Buffalo Girls is a 1990 novel written by American author Larry McMurtry about Calamity Jane. It is written in the novel prose style mixed with a series of letters from Calamity Jane to her daughter. In her letters, Calamity describes herself as being a drunken hellraiser but never an outlaw. Her letters also describe her larger-than-life cohorts.

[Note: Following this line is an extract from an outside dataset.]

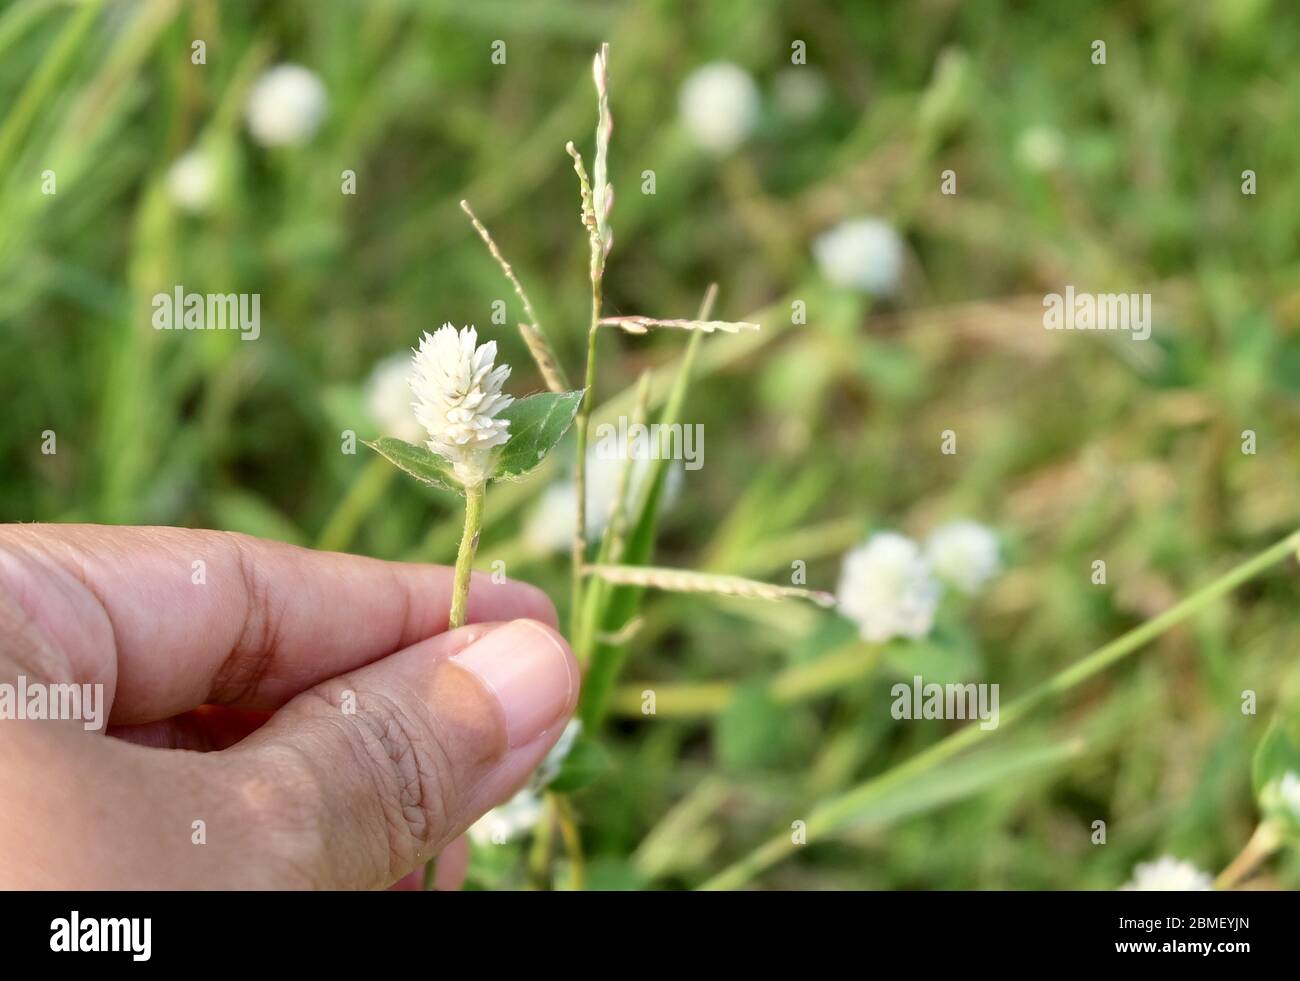 Flower and Plant, Hand Holding White Gomphrena Celosioides, Gomphrena Weed or Wild Globe Everlasting Flower, Used as Traditional Herbal Medicine. Stock Photo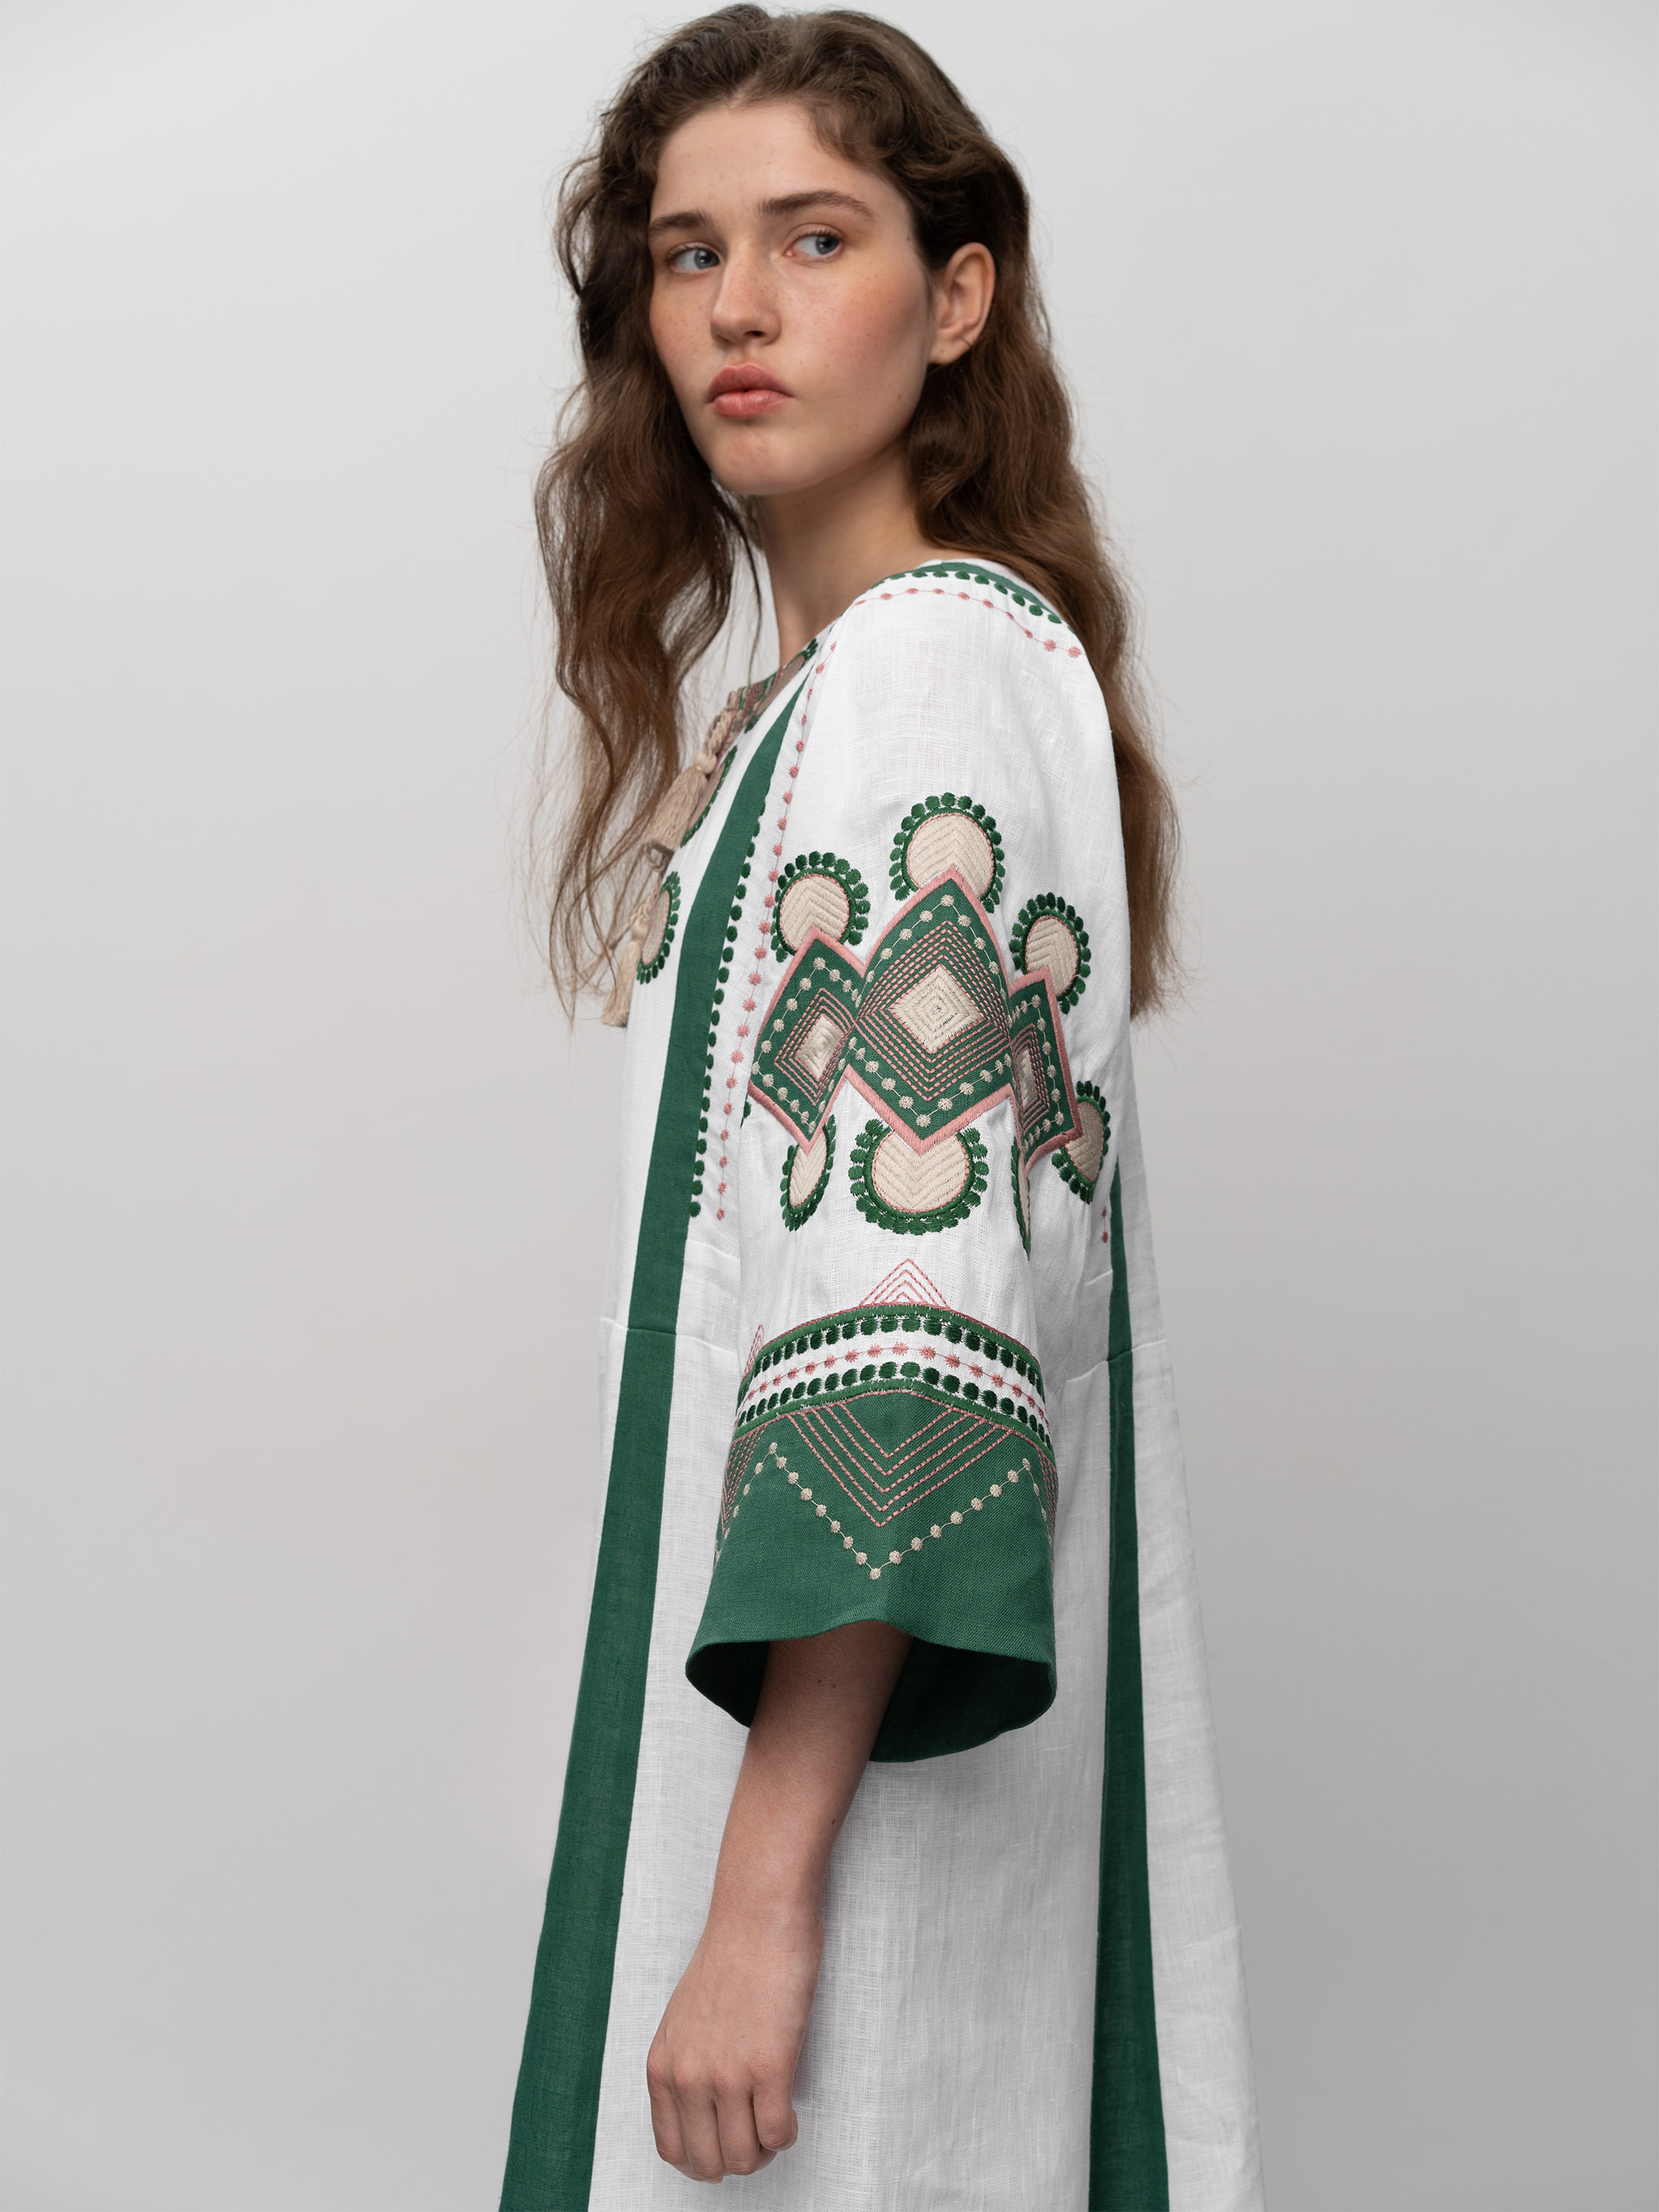 Green dress with black applique and embroidery VILHA buy in Kyiv

McMurtry depicts gritty events and relationships in the life of fur trappers, cowboys, soldiers, prostitutes, and Indians as the Wild West fades away, changing their way of life.  The characters struggle, and many fail, to adapt to the settling of the West.  In an effort to adapt and relive the Wild West, many of the characters, along with Calamity Jane, resort to performing in Buffalo Bill Cody's Wild West show. They exploit and are exploited by their frontier lifestyle, before being defeated by it in the end.

Film adaptation
Buffalo Girls was later the basis for the 1995 CBS made-for-TV movie starring Anjelica Huston as Calamity Jane and Melanie Griffith as Dora DuFran. Wild Bill Hickok was played by Sam Elliott, Annie Oakley by Reba McEntire, and Buffalo Bill Cody by Peter Coyote. The film also included Gabriel Byrne, Tracey Walter, Floyd Red Crow Westerman, Jack Palance, Russell Means (as Sitting Bull), and John Diehl (as George Armstrong Custer).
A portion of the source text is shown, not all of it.